Bottom Up + Top Down + Support
In any organization, there are different levels of readiness for new methods and practices. The move toward adoption of new practices is a process termed "acculturation," and the levels in this process were given labels which are commonplace today by William Geoghan of IBM a decade ago. At the front line of adoption of technology he placed the Pioneers, those who will struggle with the new and challenging regardless of the level of support or peer involvement available. Following these are the Early Adopters, who watch and, when ready, adapt what they've seen working to their own settings. "Mainstream" individuals change when the majority of those around them appear to be changing as well, following the group norms. Lastly are those who are currently unconvinced of the value of classroom computing for their professional practice and will need special attention.

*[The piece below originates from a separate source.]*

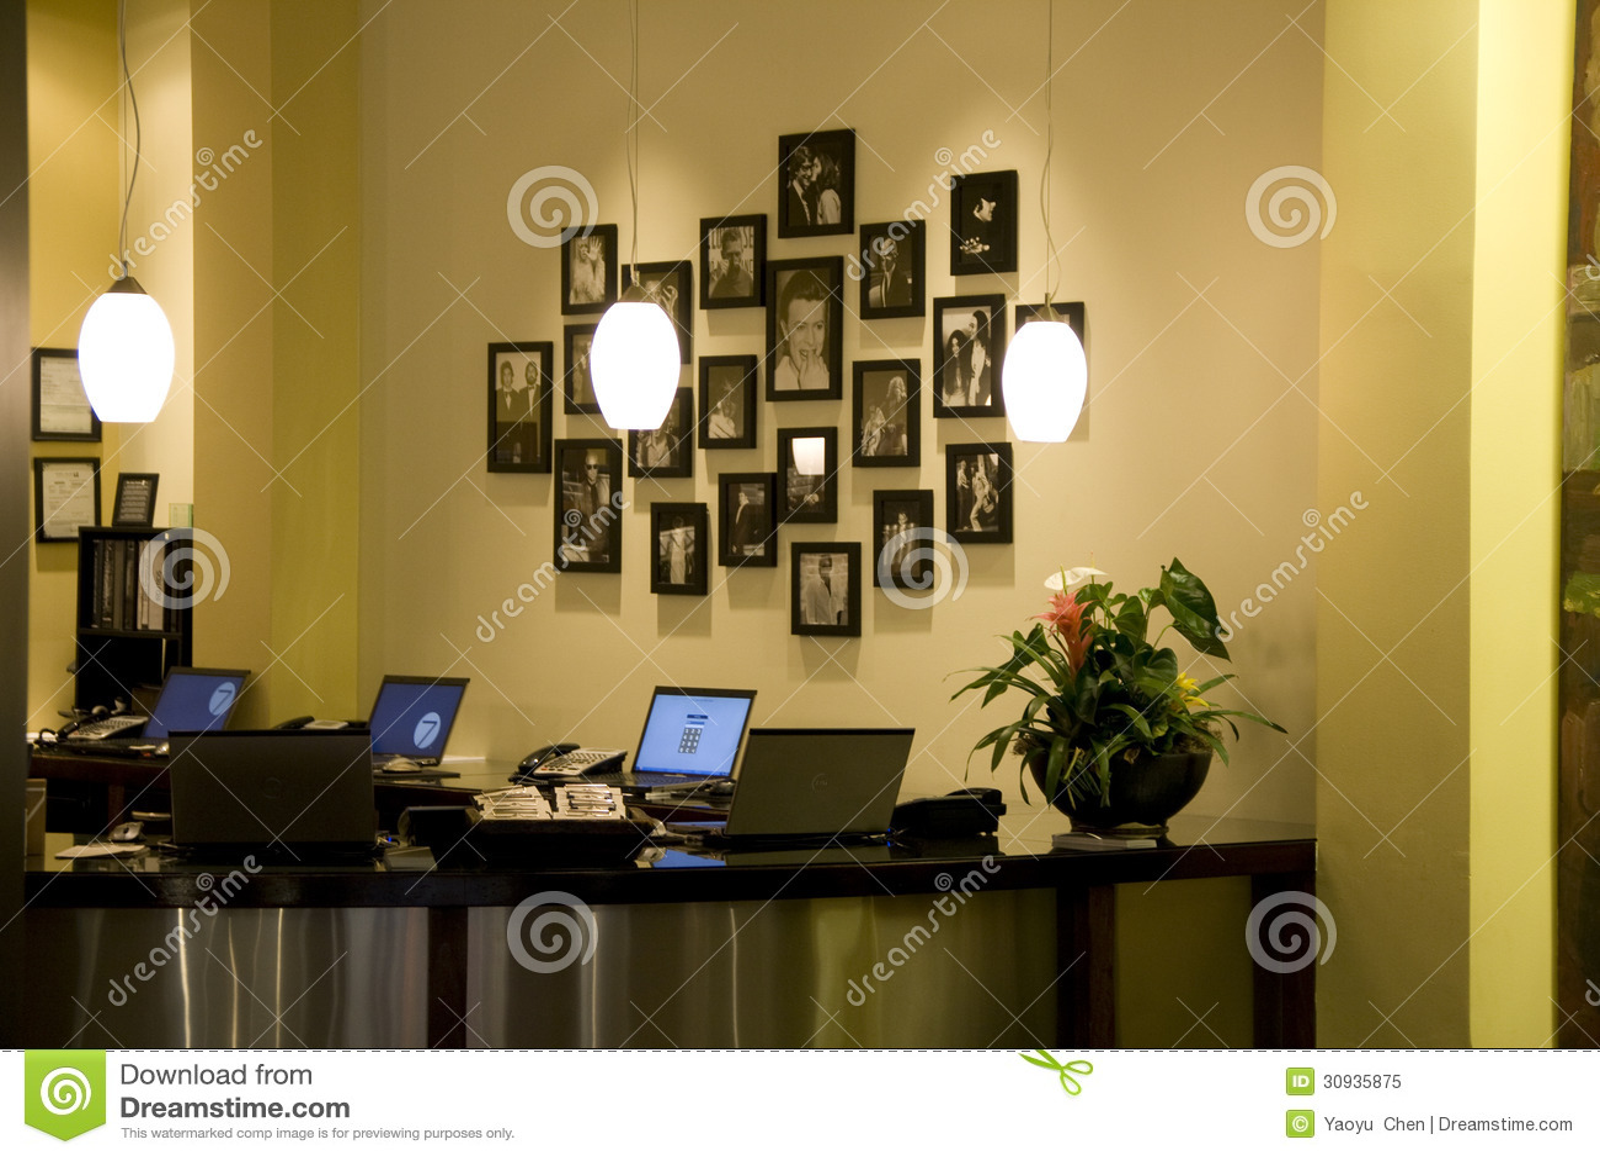 Front desk office editorial image image 30935875 for 7 salon bellevue square

As the above discussion of incremental phasing and acculturation indicate, the move to districtwide technology integration will not be accomplished all-at-once by a well-crafted paper document and a massive infusion of funding. A Top-down initiative to infuse technology into the life of our school system should occur in conjunction with the Bottom-up readying of staff for the management and use of that technology, and with a commensurate increase in the degree of technical Support available for teachers as they afford themselves of these opportunities.
9. CHOICE: Steady Growth or Accelerated Growth
These efforts are creating the degree of cultural readiness needed to maximize the impact and cost-effectiveness of district expenditures on hardware and networking which have been planned for subsequent years; however, they require additional resources to remain effective as technology use levels increase. We have planted and fertilized our gardens, but much more tending is needed for the seedlings to grow. There are significant choices to be made in levels of funding for next year, depending on the pace of change and level of educational opportunity the district is prepared to commit to. After such an examination, two basic choices are proposed for the upcoming budget year:
- Steady Growth: Increased funding to cover existing levels of technology integration growth (submitted as part of the proposed budget). Most critical is the need for changes in the job descriptions of our technical staff. They are currently performing critical tasks and acquiring training for additional ones that are not covered by civil service job descriptions.
- Accelerated Growth: Significantly increased funding to encourage rapid acculturation throughout the district, to wire PHS, and to prepare "Targeted Enhancement" (Labs, Clusters, and Portables) in all buildings by 2001-2002.